Given a multi-affine map $f: \mathbb{R}^n \mapsto \mathbb{R}$, is it always possible to represent the function as a determinant? And is there a principled way to generate the matrix if it is possible?
To make a concrete examples, consider the following two functions in 4 variables $\mathbf{x} \in \mathbb{R}^4$: the cubic function $$ f(\mathbf{x}) = a_1x_2x_3x_4+a_2x_3x_4x_1+a_3x_4x_1x_2+a_4x_1x_2x_3 $$ and the quadratic form $$ g(\mathbf{x}) = b_{12}x_1x_2 + b_{13}x_1x_3 + b_{14}x_1x_4+b_{23}x_2x_3+b_{24}x_2x_4+b_{34}x_3x_4.\\ $$ Both of them are affine functions of each of the variables.

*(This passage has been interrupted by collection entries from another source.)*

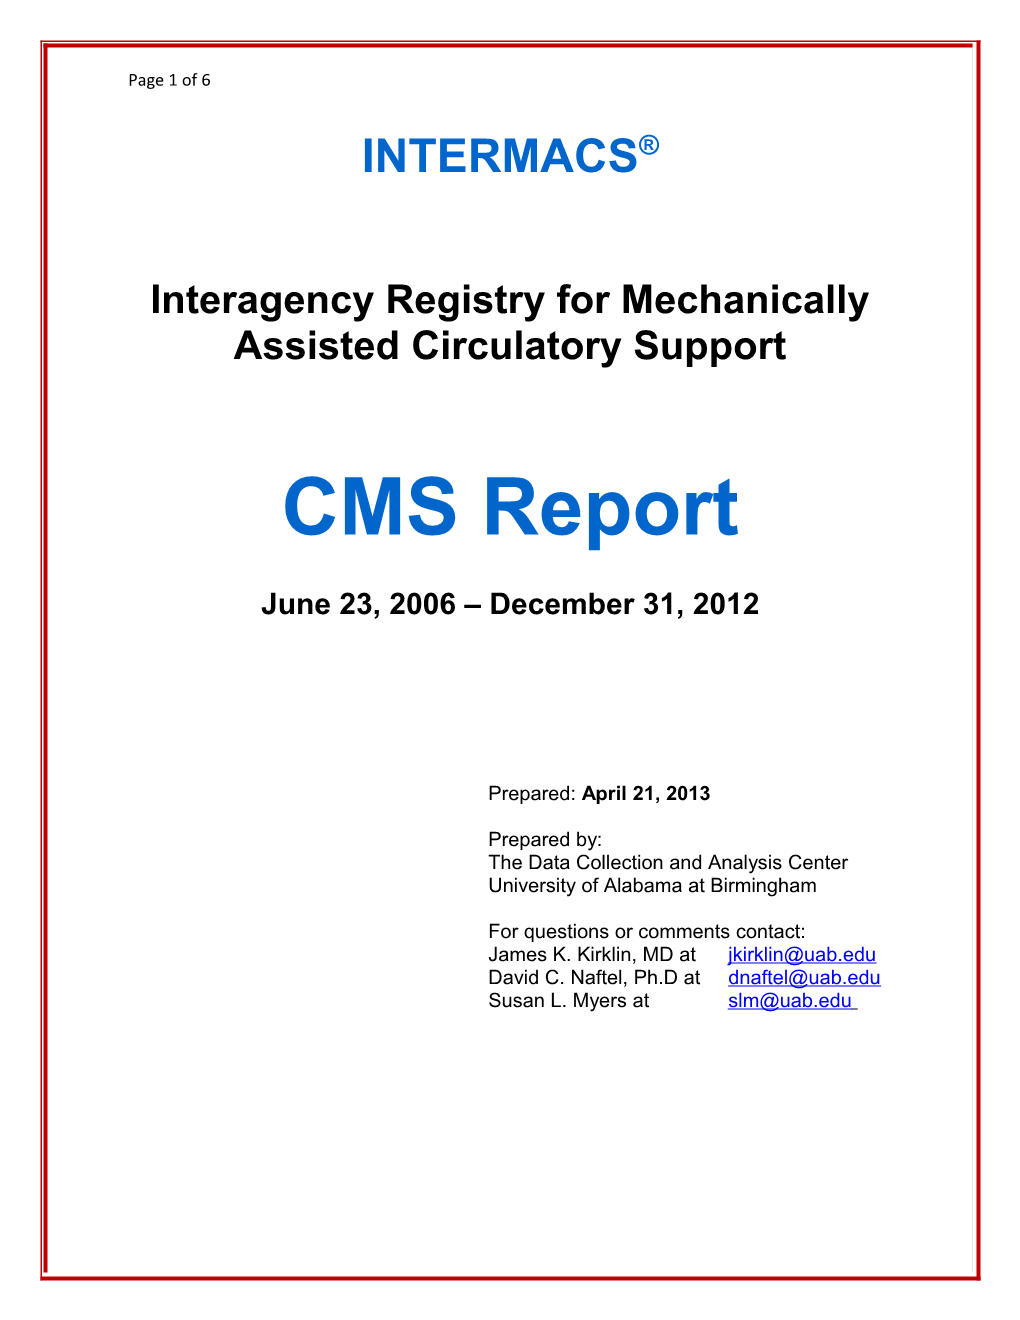 Interagency Registry for Mechanically Assisted Circulatory Support
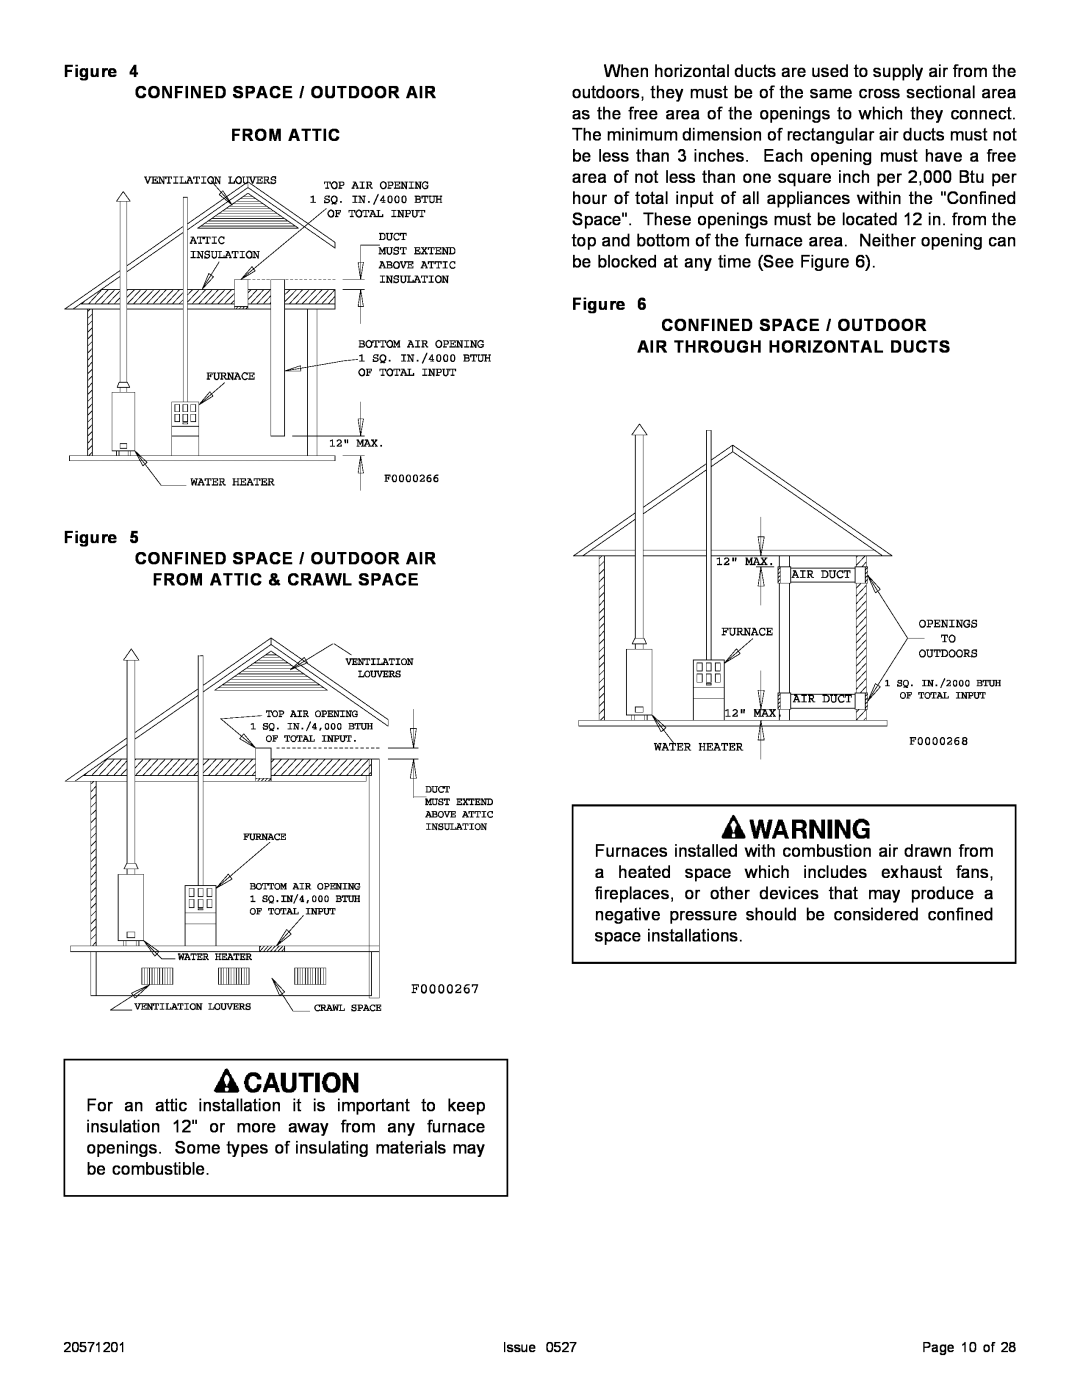 Allied Air Enterprises Upflow specifications Confined Space / Outdoor Air, From Attic, Air Through Horizontal Ducts 
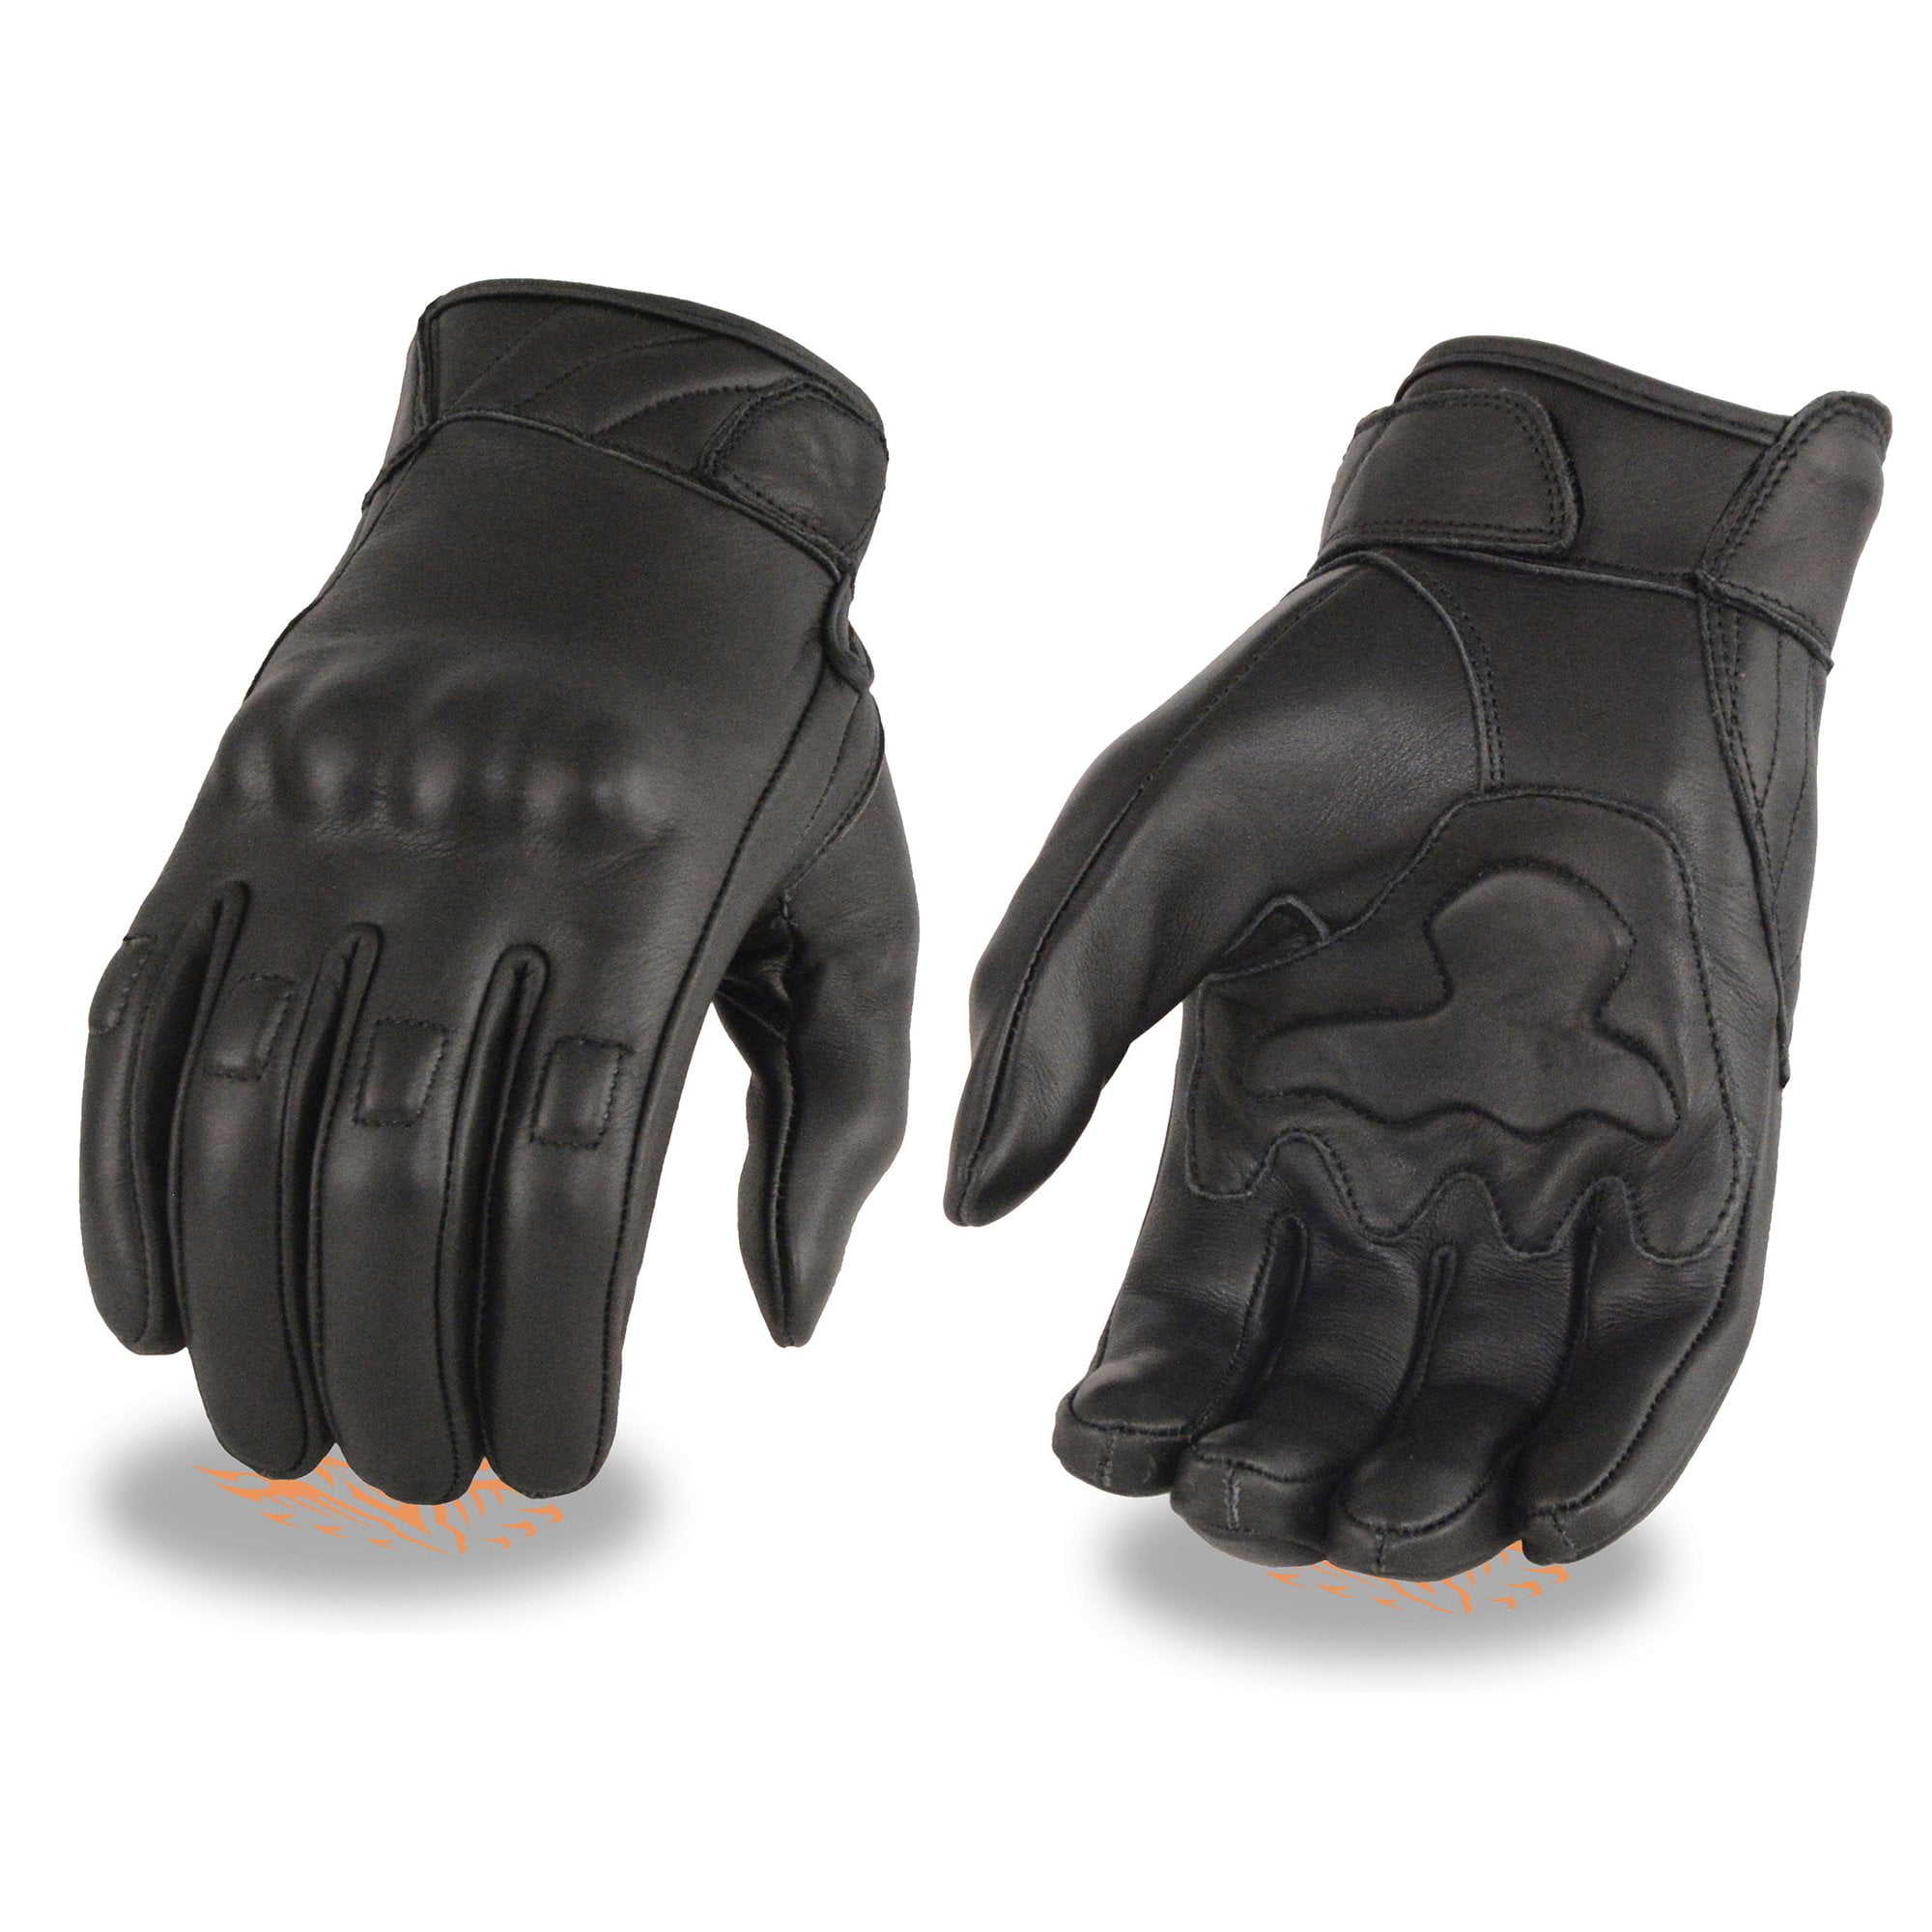 X-Large Xelement XG298 Men's Black 'Knuckle Protect' Leather Protective Racing Gloves

Using educated guessing, I was able to find $$ f(\mathbf{x}) = \left| \begin{matrix} a_1 & -a_2 & a_3 & -a_4\\ x_1 & x_2 & 0 & 0\\ 0 & x_2 & x_3 & 0\\ 0 & 0 & x_3 & x_4 \end{matrix} \right|, $$ yet I am wondering what other solutions are possible, for example using a symmetric matrix. For the function $g$ I don't see a similarly simple solution. Any pointer to the right keywords would be appreciated.
The right keyword is, unsurprisingly, determinantal representation (of a polynomial). This has apparently been a topic of interest in algebraic geometry. A comparatively accessible account on the question of representing the zero set of any polynomial is the paper Polynomials with and without determinantal representations by Netzer and Thom.
The main points are: 1. Every polynomial in 2 variables has a representation as a determinant; 2. In general this is not true for more than 2 variables; 3. However, the zero set of any real quadratic polynomial can be represented as a determinant by taking a power of the polynomial.
This means I should be able to represent $g(\mathbf{x})=0$ as a determinantal equation by considering $\left( g(\mathbf{x}) \right)^n = 0$. The representation is based on Clifford algebras and concretely makes use of Weyl-Brauer matrices. This approach could be considered a principled way to arrive at a representation.